■ **WHAT YOU WILL DO**
If a line below includes the string "necessary", copy it.

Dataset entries

________________________________________

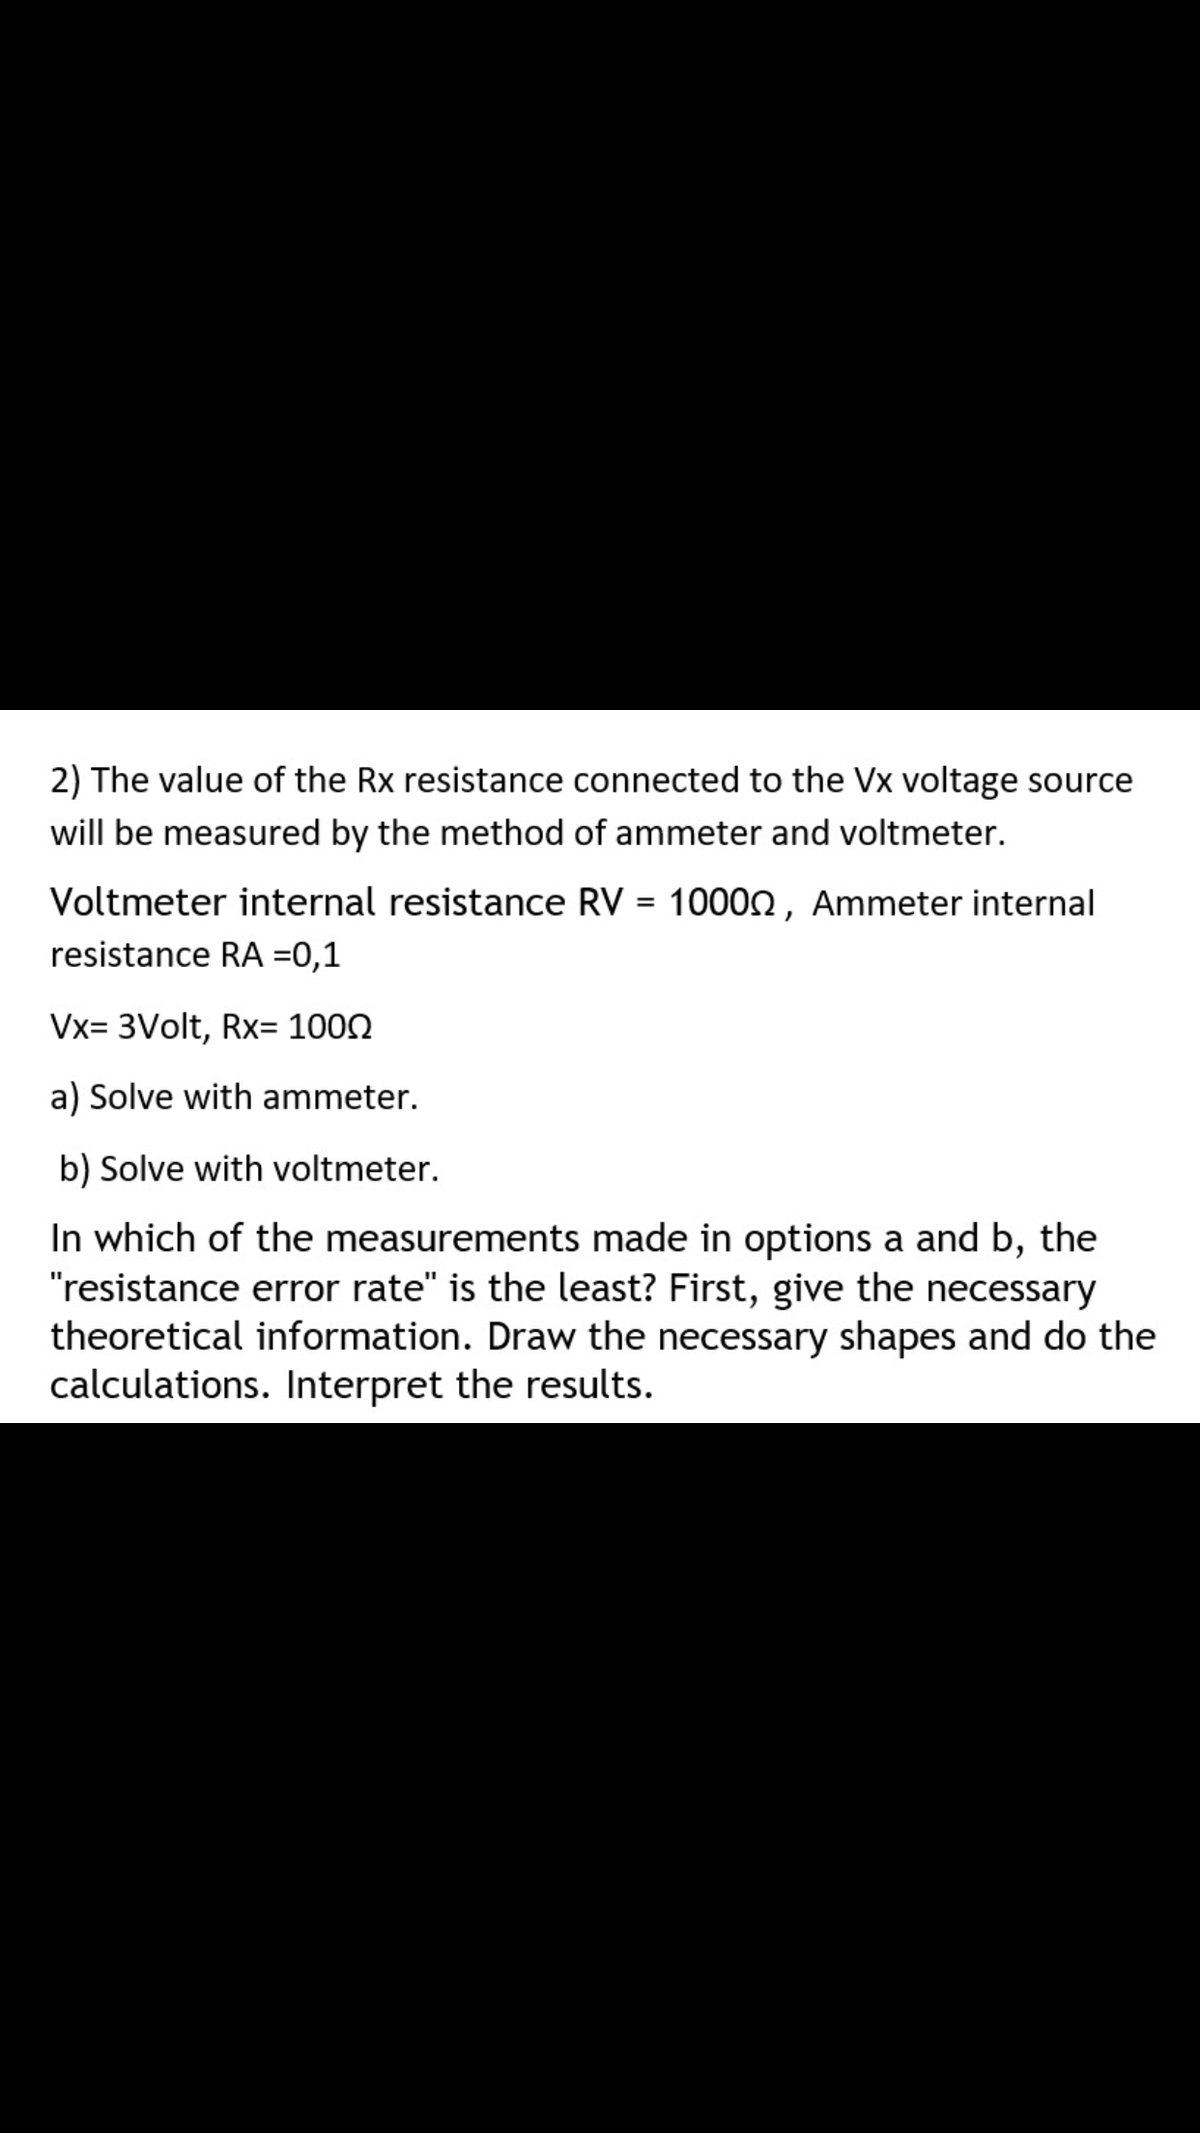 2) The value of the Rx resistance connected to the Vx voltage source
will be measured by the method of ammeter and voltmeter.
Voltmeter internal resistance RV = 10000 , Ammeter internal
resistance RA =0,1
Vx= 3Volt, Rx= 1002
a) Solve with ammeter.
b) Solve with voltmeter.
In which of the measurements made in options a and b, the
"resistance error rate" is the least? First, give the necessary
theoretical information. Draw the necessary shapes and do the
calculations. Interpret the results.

________________________________________

■ **ANSWER FOR THIS EXERCISE**
"resistance error rate" is the least? First, give the necessary
theoretical information. Draw the necessary shapes and do the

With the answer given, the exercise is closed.